■ Directions
Would you print all of the entries exactly, please, but without their pictures?

Excerpts from a dataset:
════════════════════

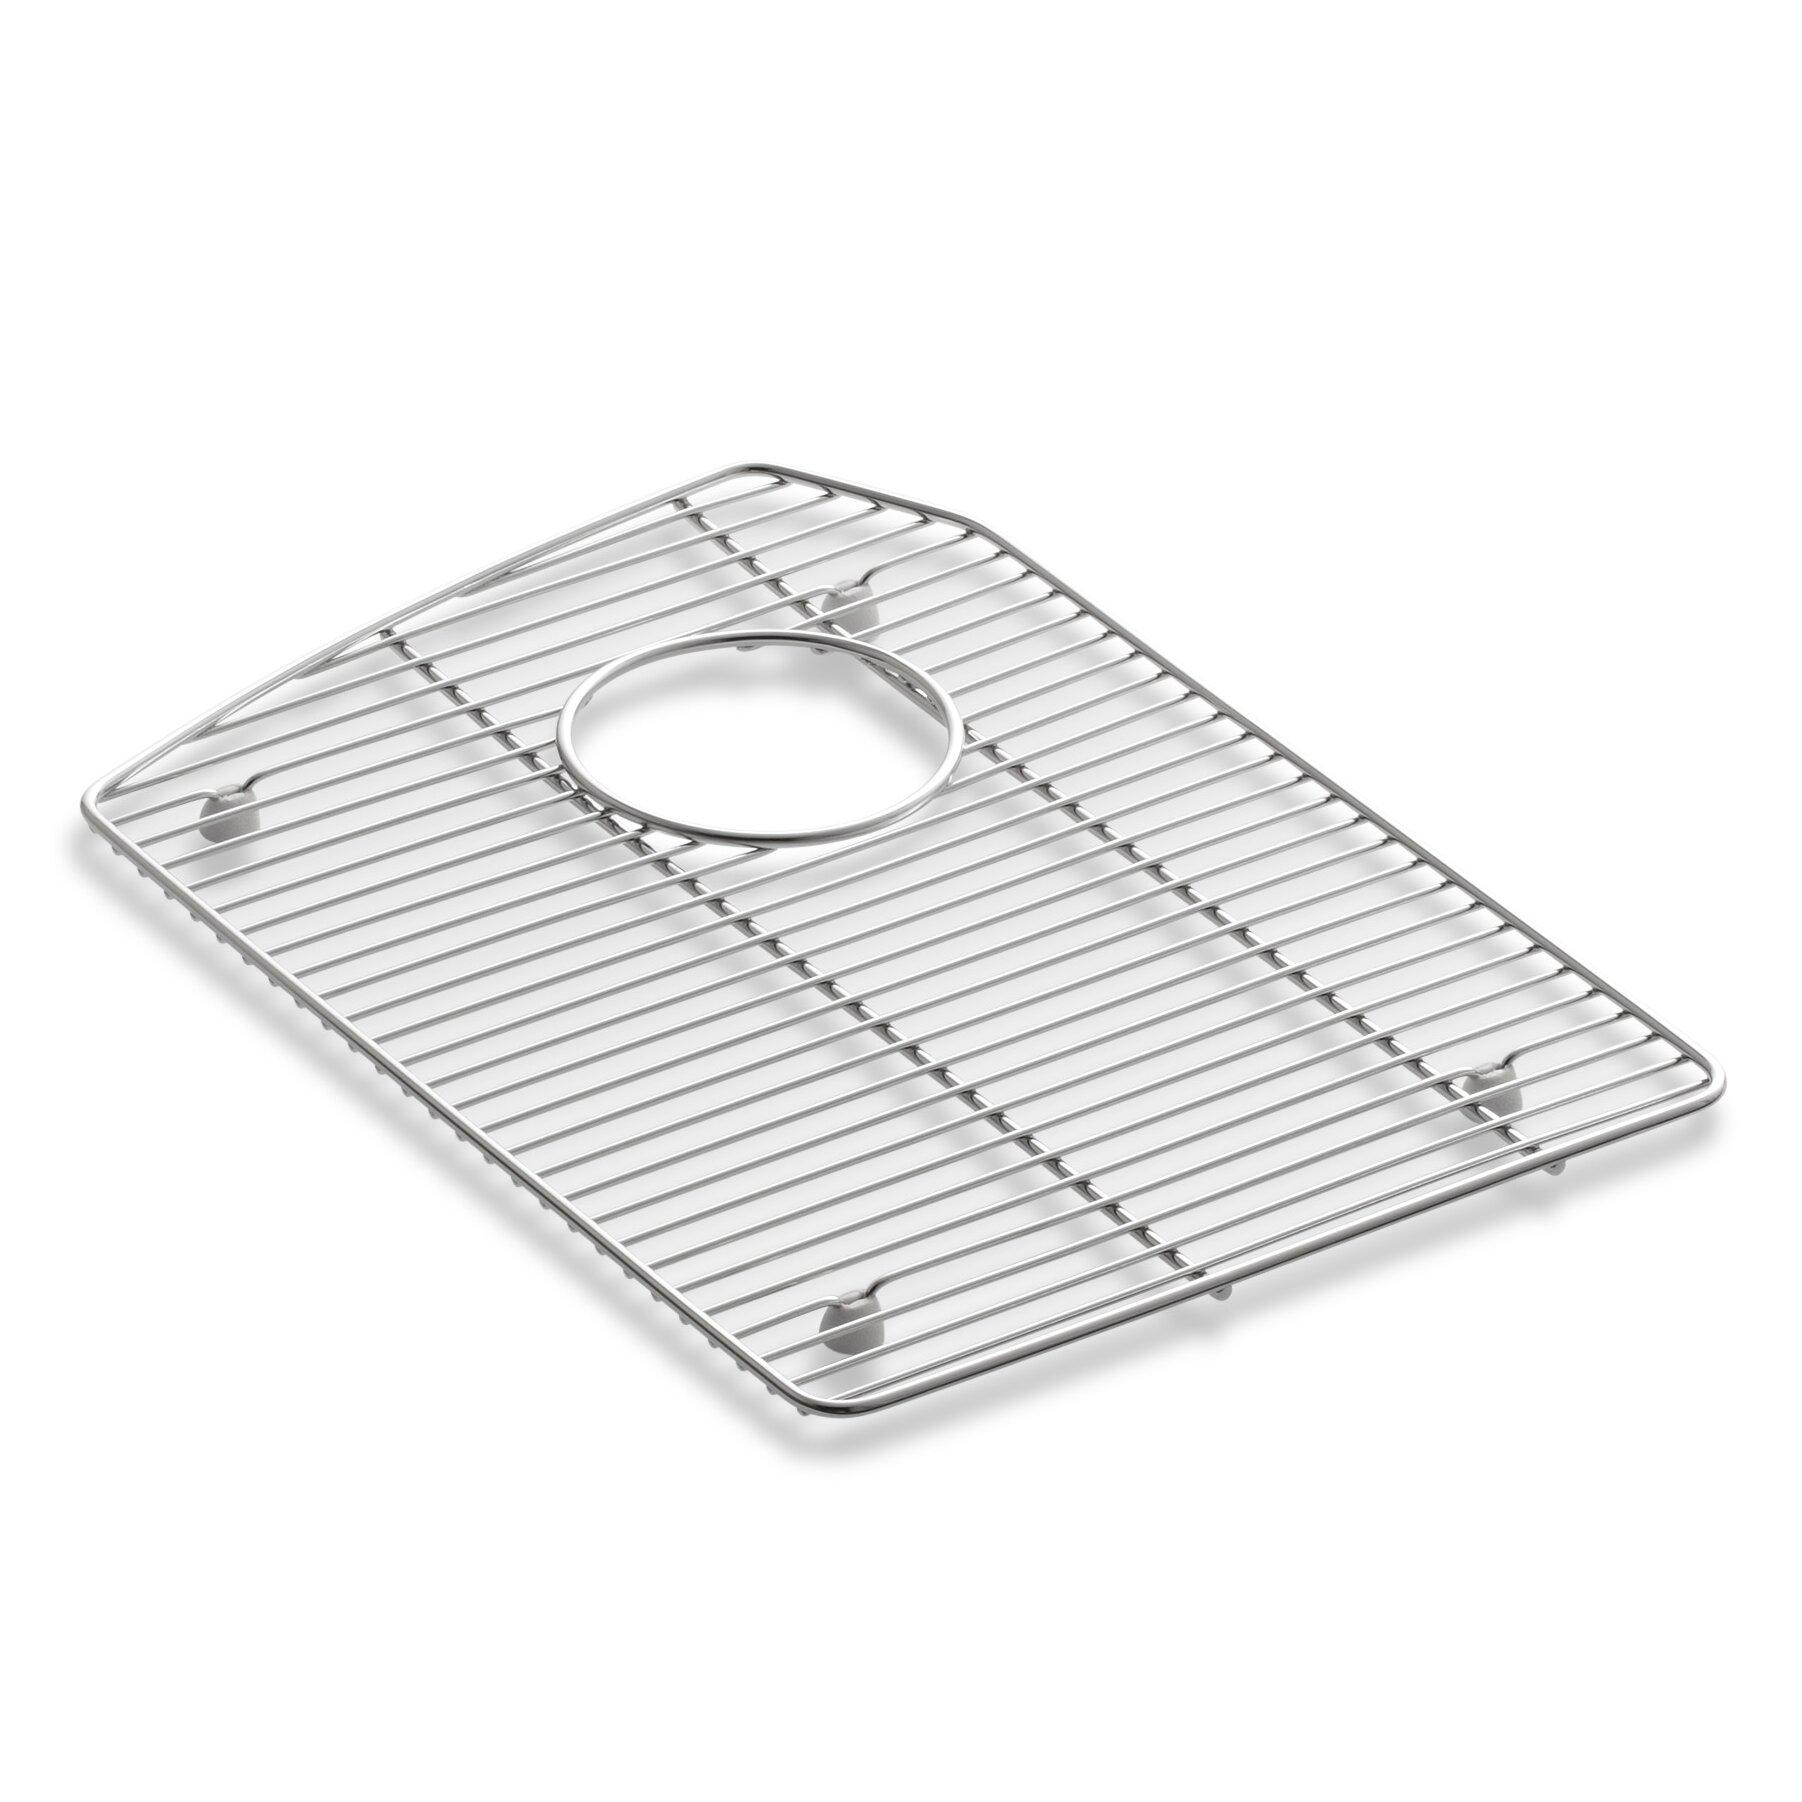 ... Steel Sink Rack for Left-Hand Bowl Of Tanager Kitchen Sink by Kohler
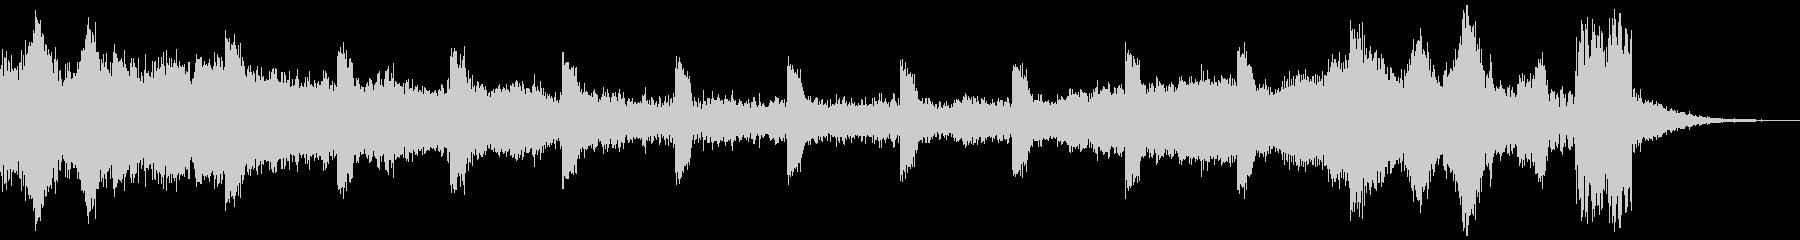 シンキングタイム(15秒)の未再生の波形
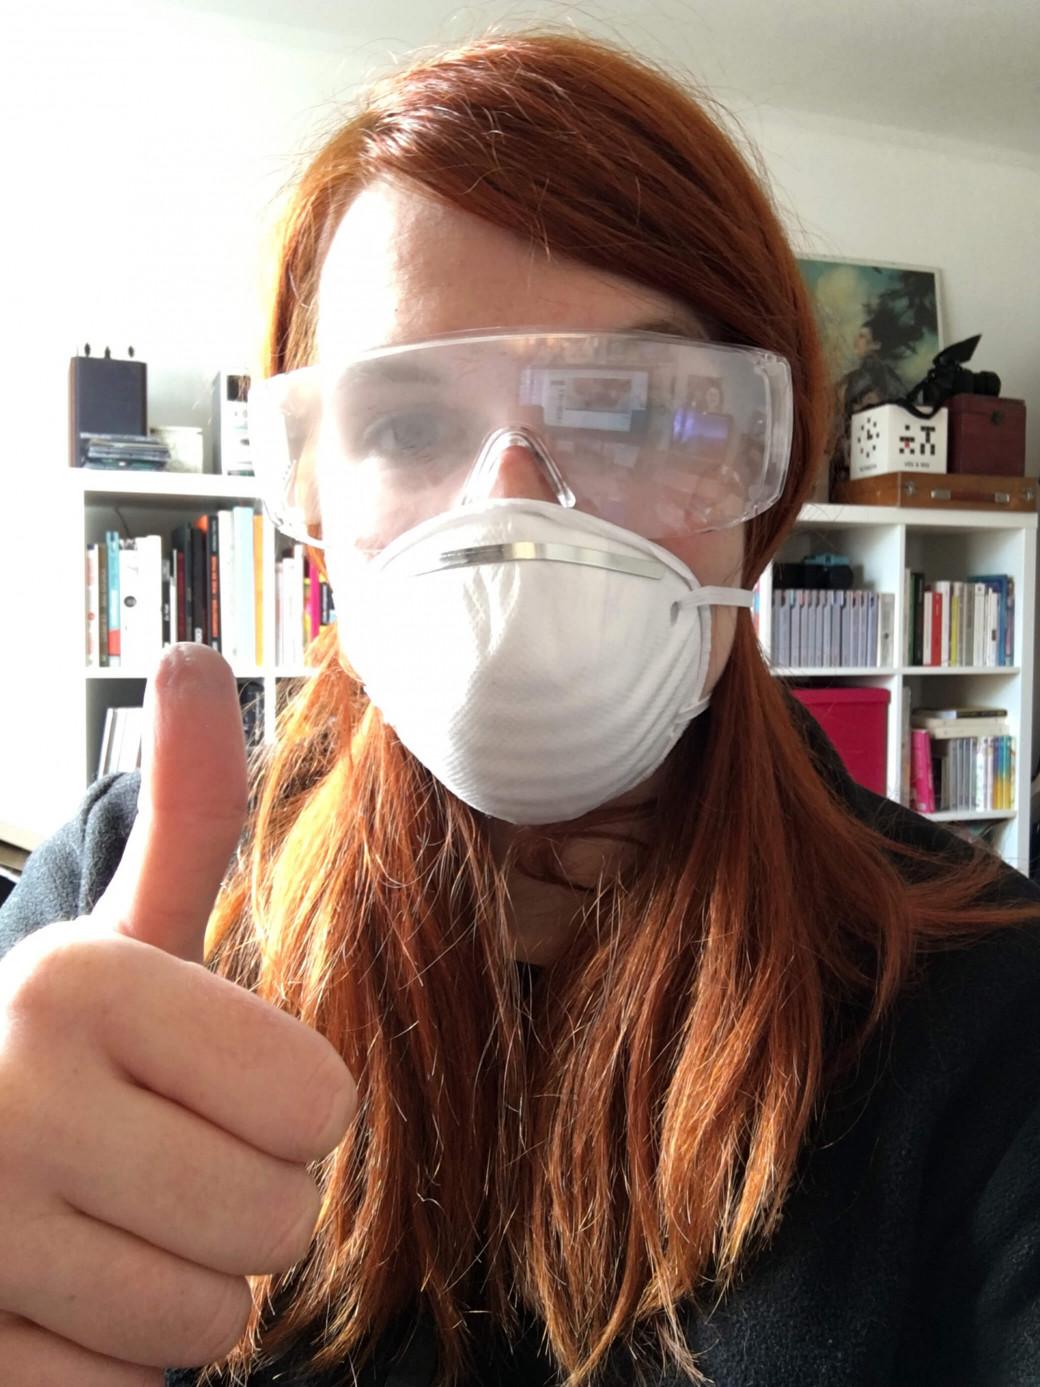 Le port d'un masque et de lunettes de protection est recommandé
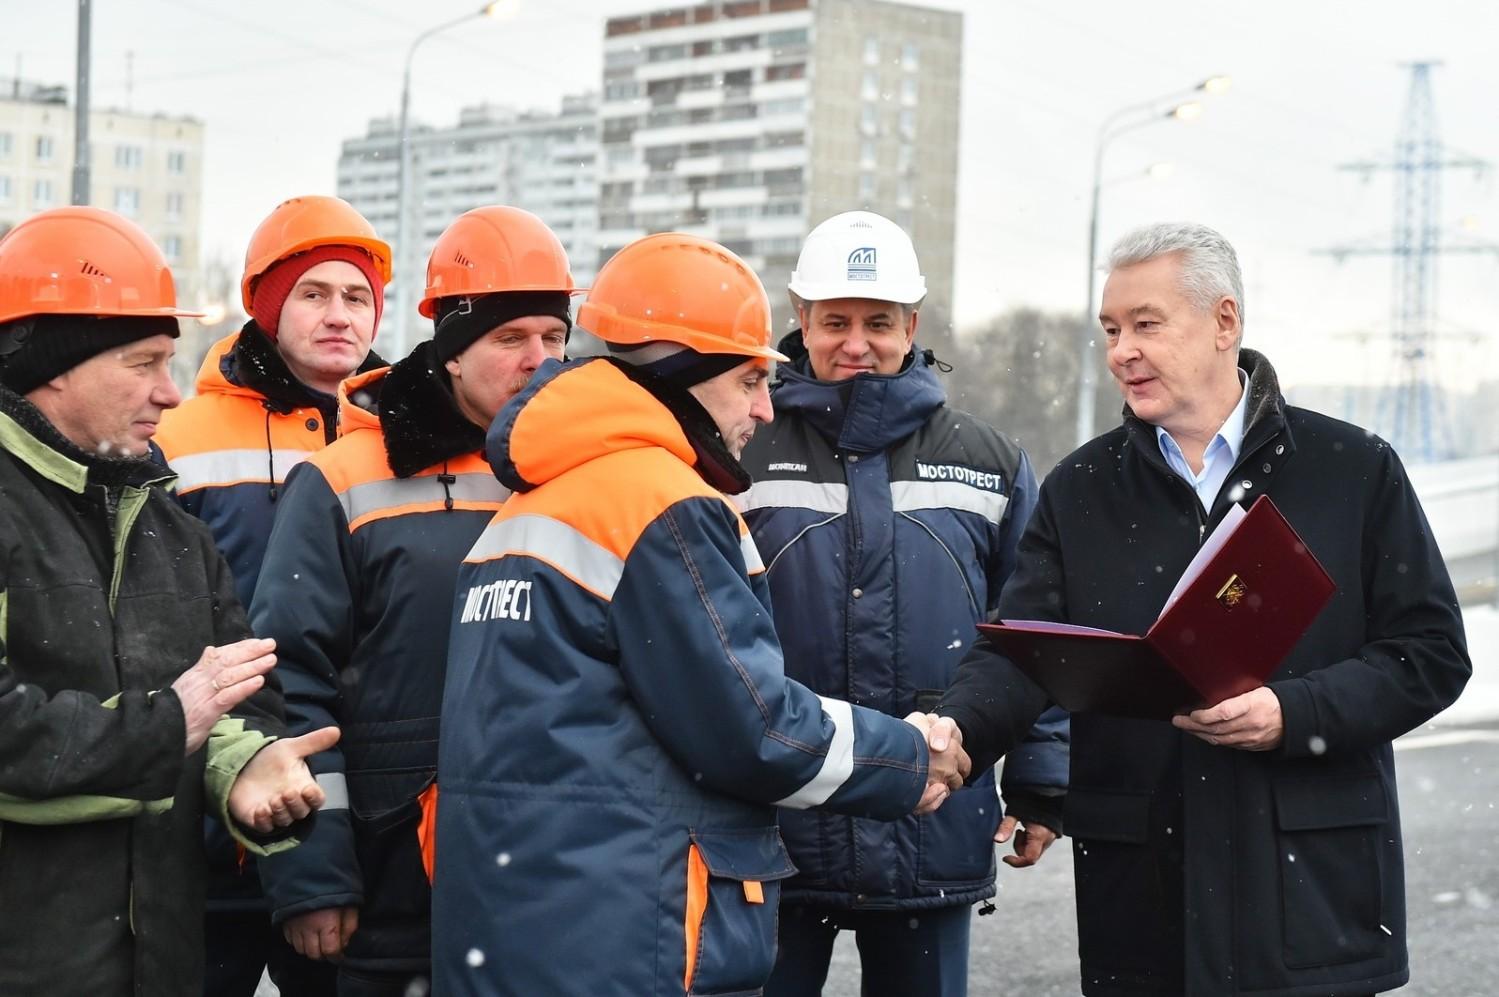 Сергей Собянин на открытии участка. Фото: stroi.mos.ru
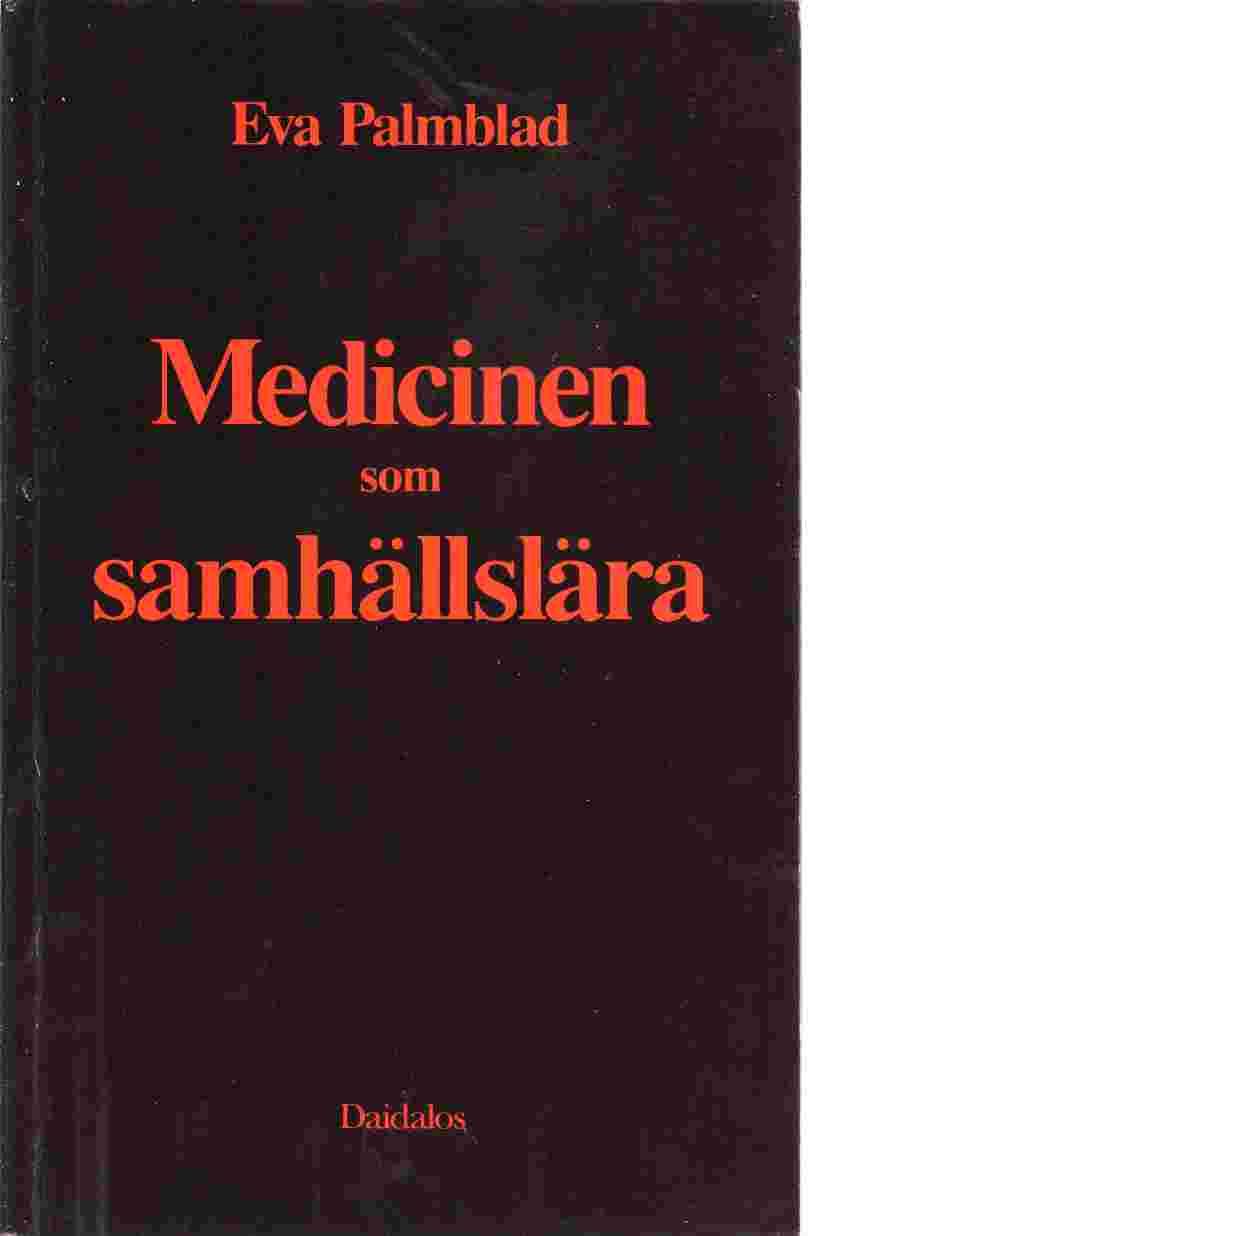 Medicinen som samhällslära - Palmblad, Eva

════════════════════

■ Result of this task
 ... Steel Sink Rack for Left-Hand Bowl Of Tanager Kitchen Sink by Kohler
 シンキングタイム(15秒)の未再生の波形
 Le port d'un masque et de lunettes de protection est recommandé
 Сергей Собянин на открытии участка. Фото: stroi.mos.ru
 Medicinen som samhällslära - Palmblad, Eva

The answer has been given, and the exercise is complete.